= Exercise goal =
Below are some records; give them all again exactly, but not the pictures.

============

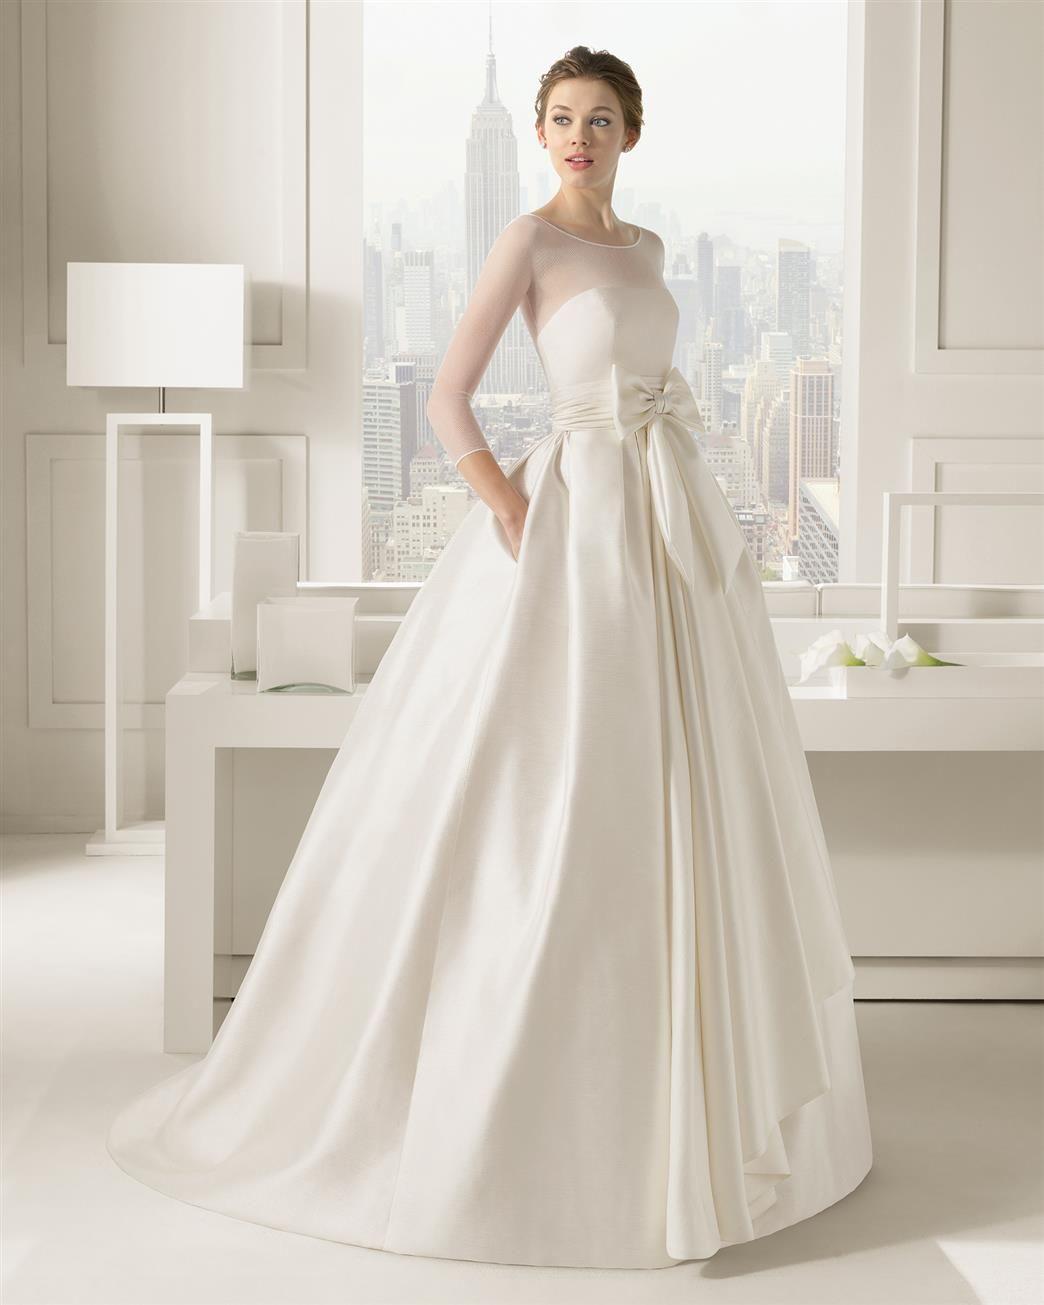 long dresses for weddings 30 Exquisite Elegant Long Sleeved Wedding Dresses
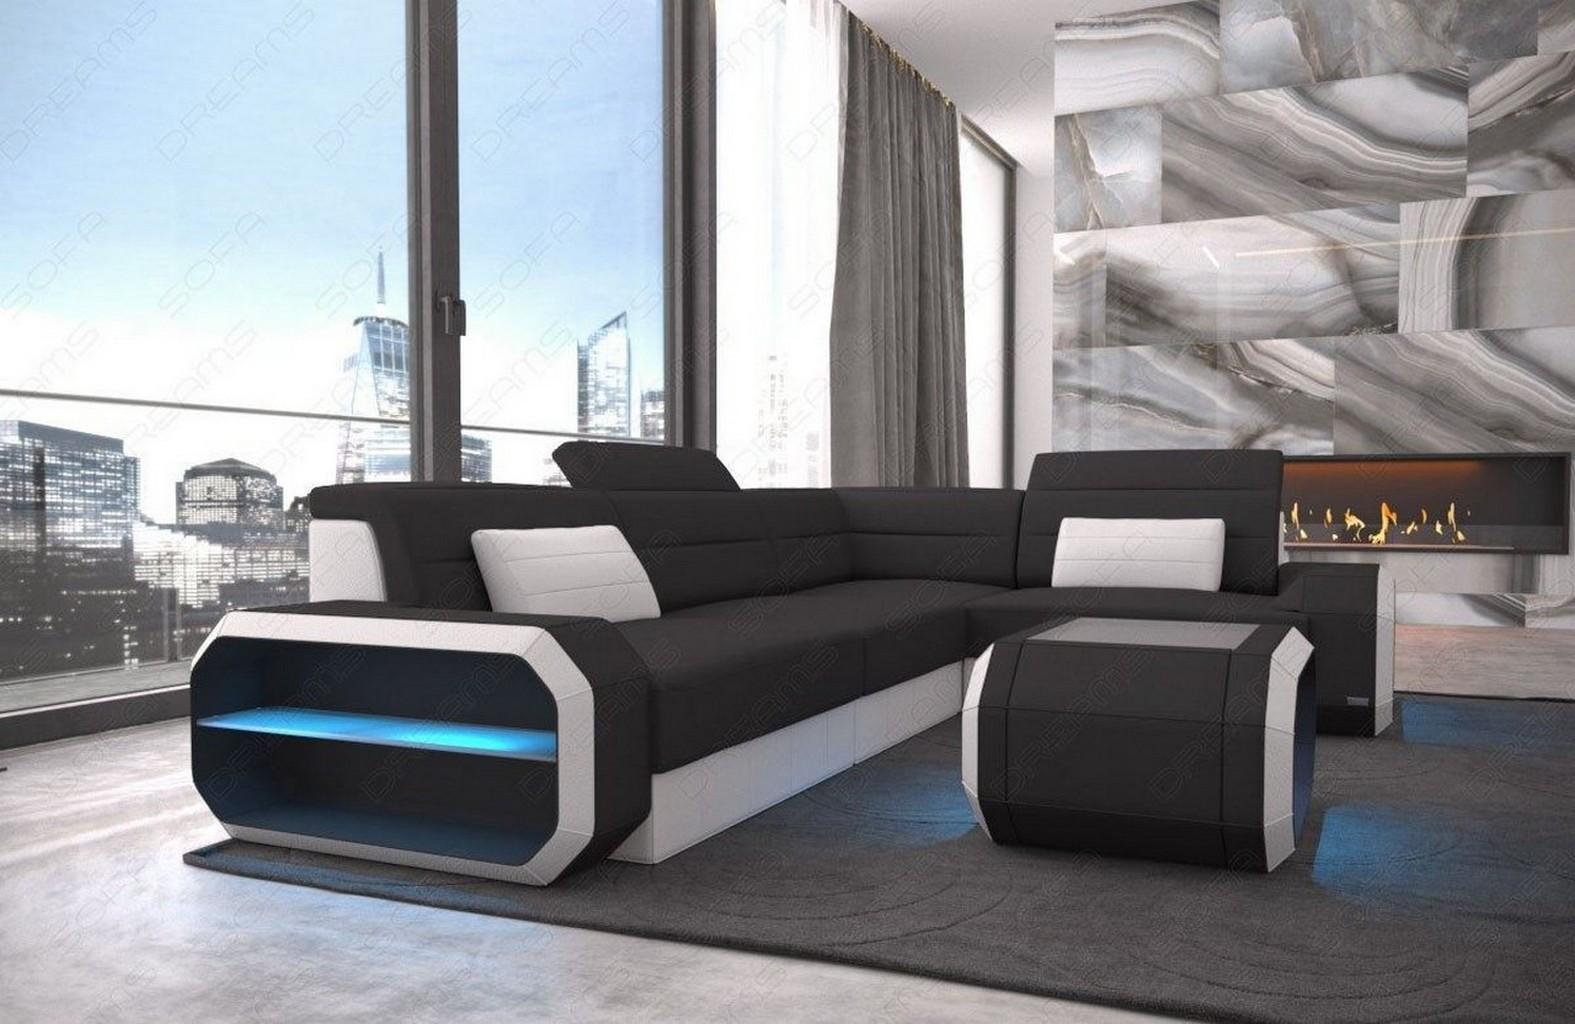 Luxus design ecksofa stoff couch verona l form ottomane for Design couchtisch fabric
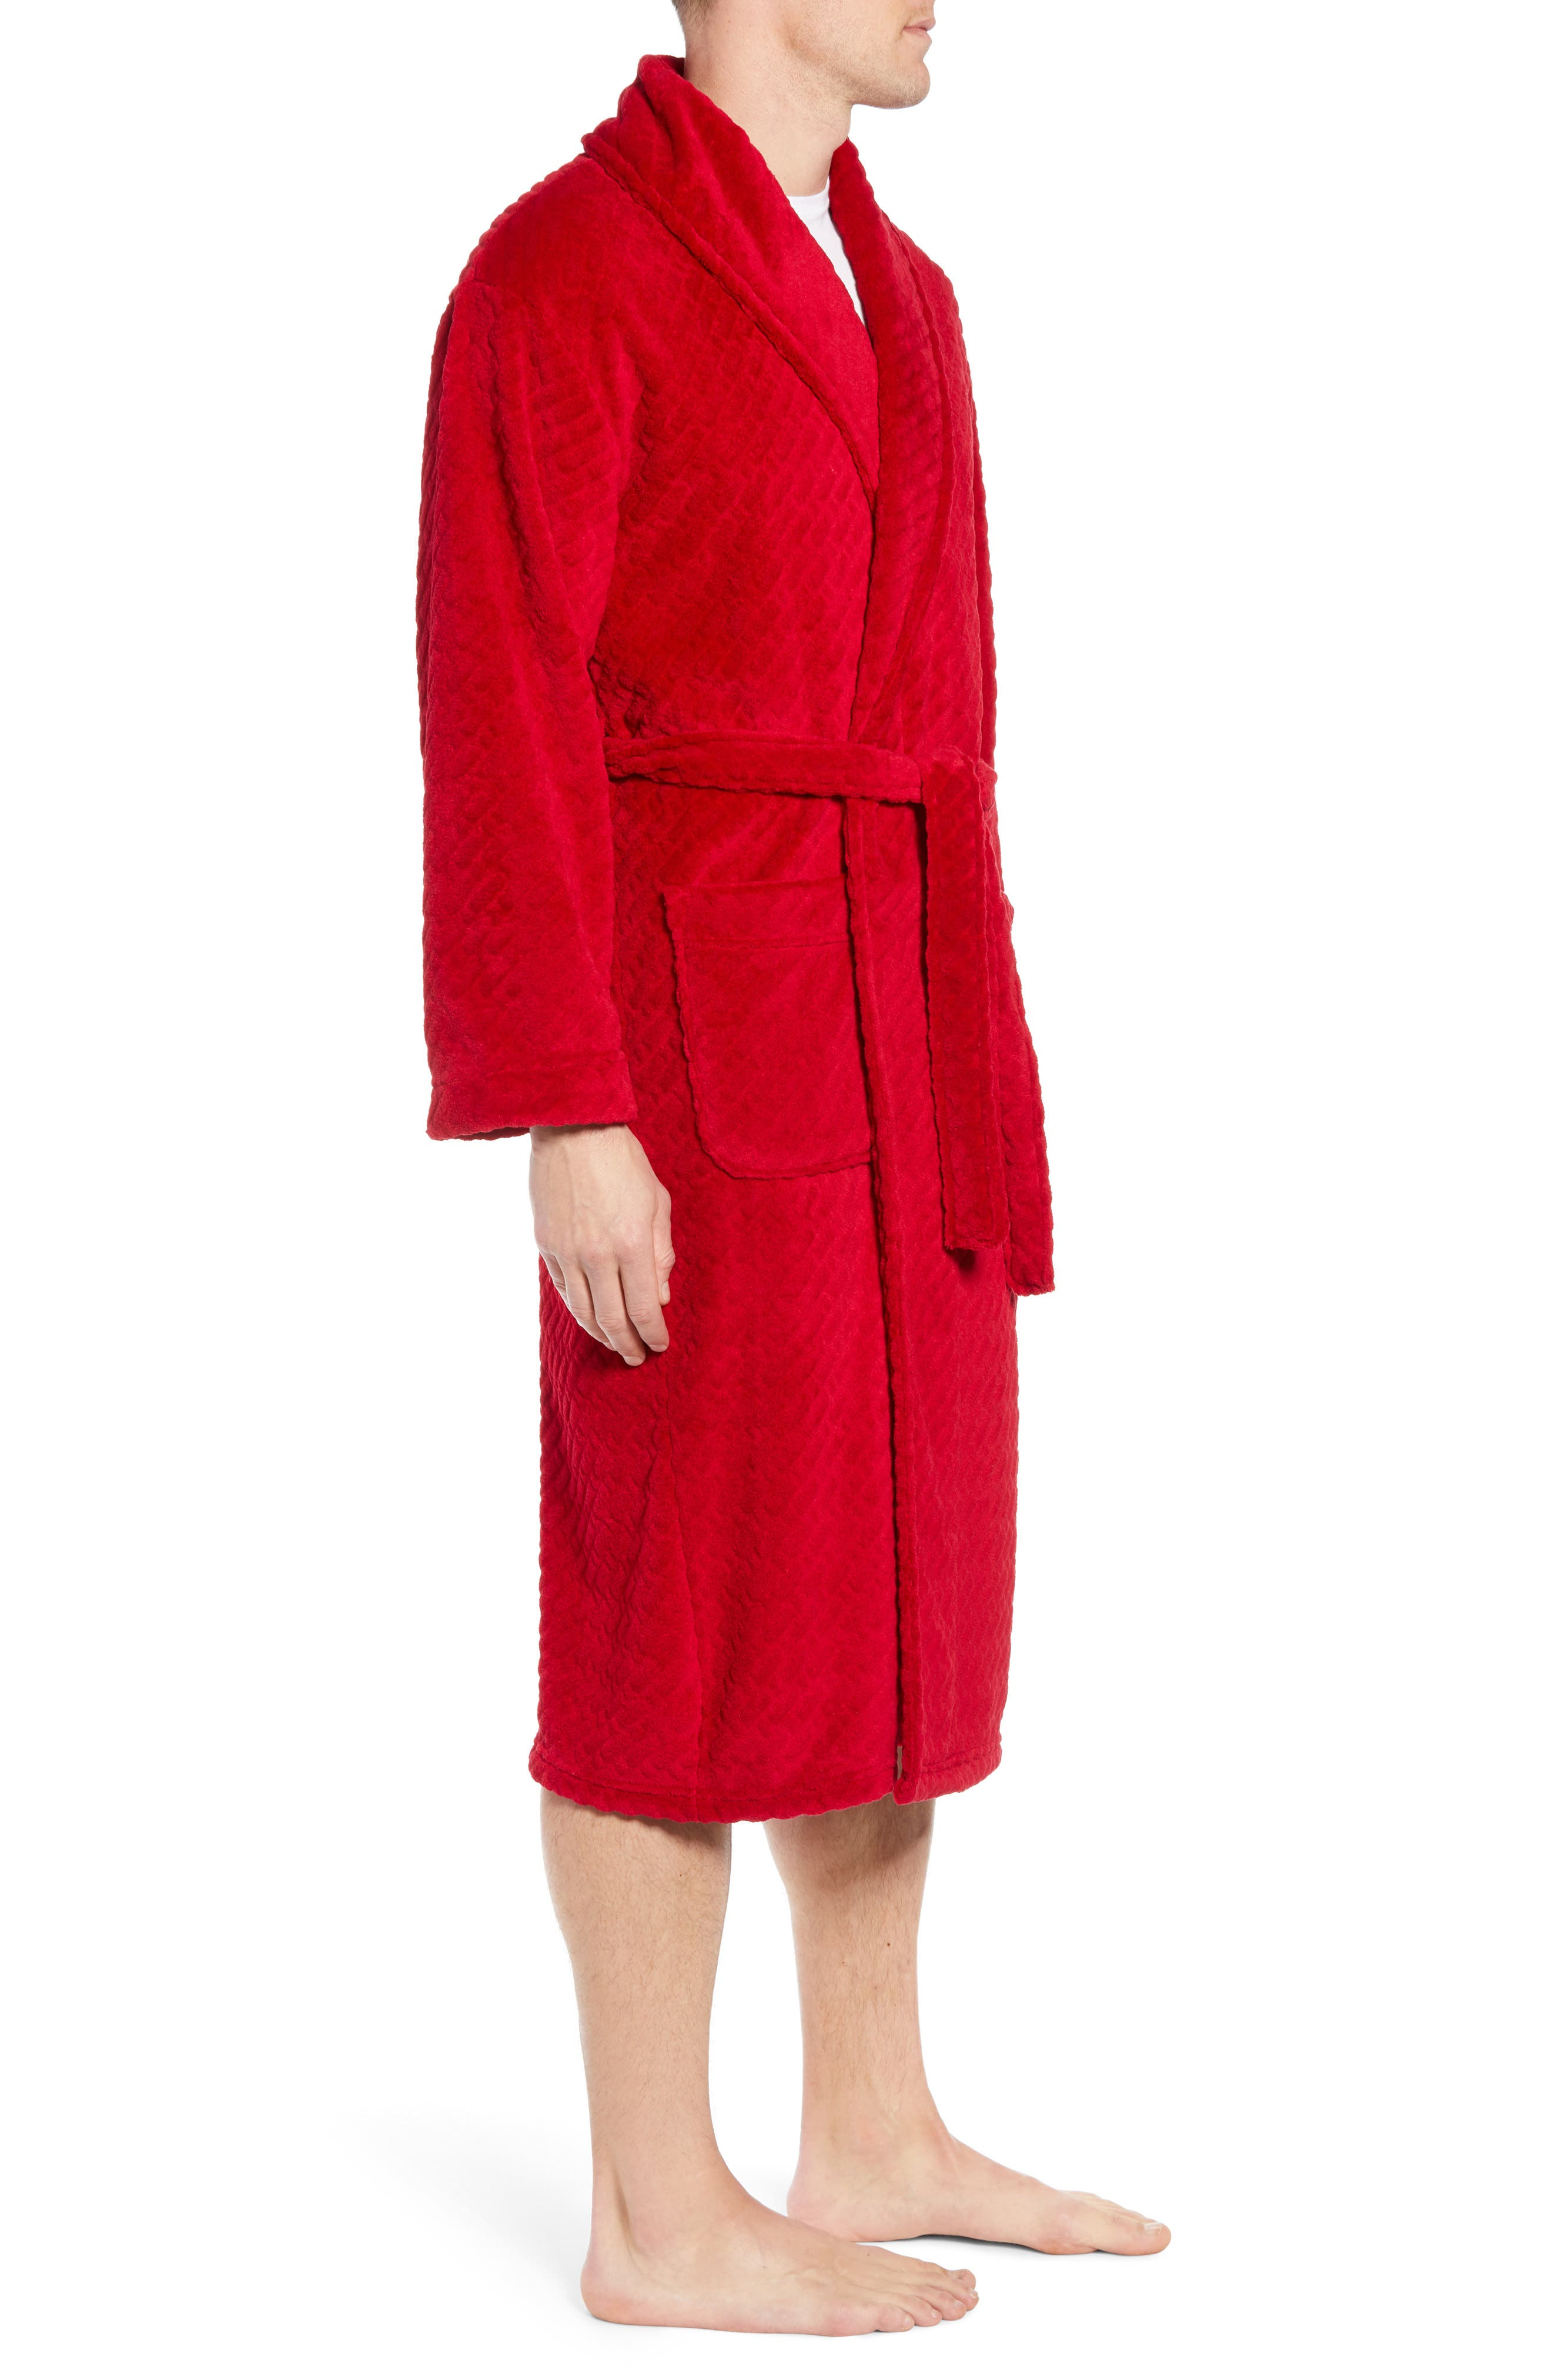 MAJESTIC INTERNATIONAL, Fireside Fleece Robe, Alternate thumbnail 3, color, RED RIBBON
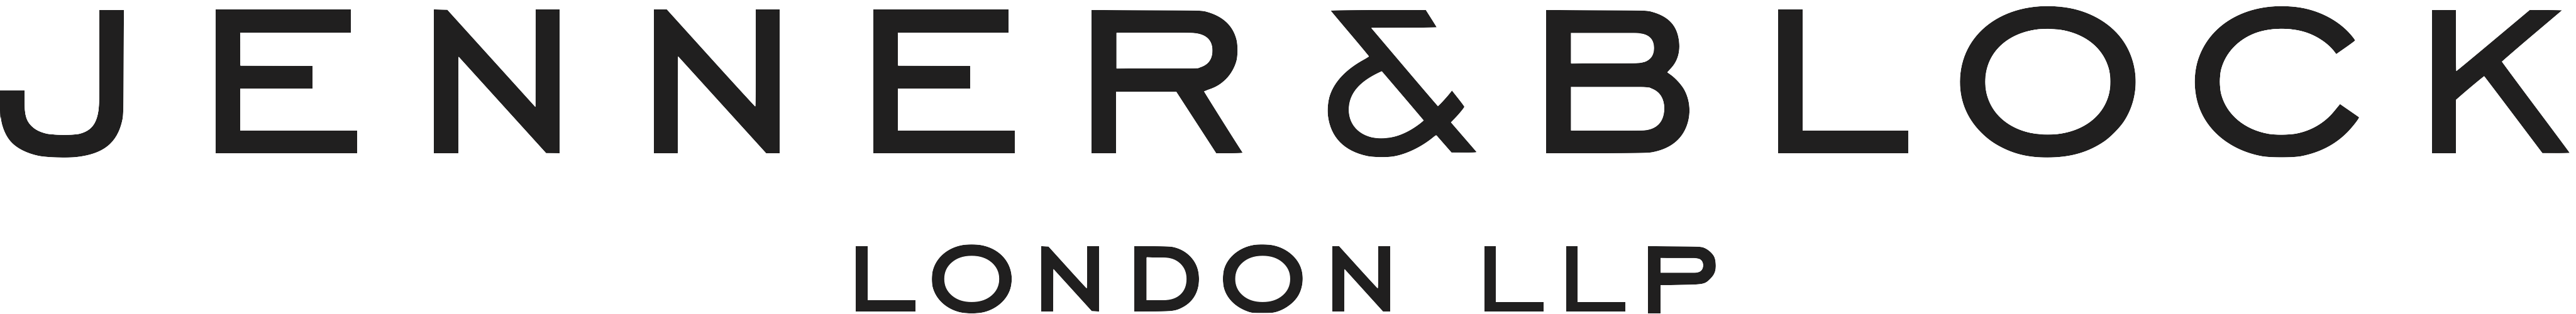 J&B logo masterBlack LLP London Centered
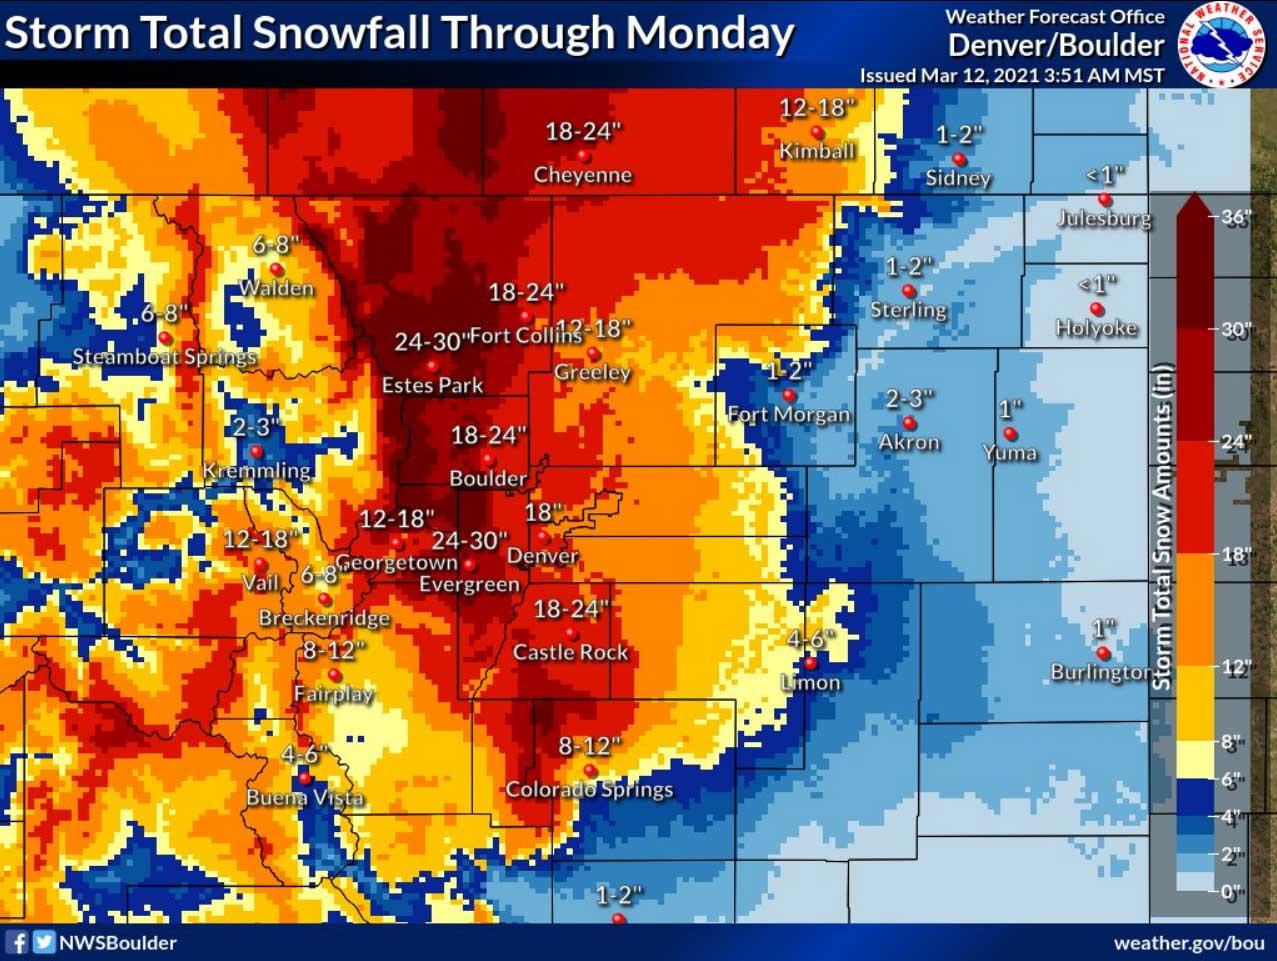 historic-winter-storm-xylia-colorado-snow-severe-weather-outbreak-estimated-snowfall-nws-boulder

============

= Solution for this task =
 long dresses for weddings 30 Exquisite Elegant Long Sleeved Wedding Dresses
 Luxus design ecksofa stoff couch verona l form ottomane for Design couchtisch fabric
 MAJESTIC INTERNATIONAL, Fireside Fleece Robe, Alternate thumbnail 3, color, RED RIBBON
 J&B logo masterBlack LLP London Centered
 historic-winter-storm-xylia-colorado-snow-severe-weather-outbreak-estimated-snowfall-nws-boulder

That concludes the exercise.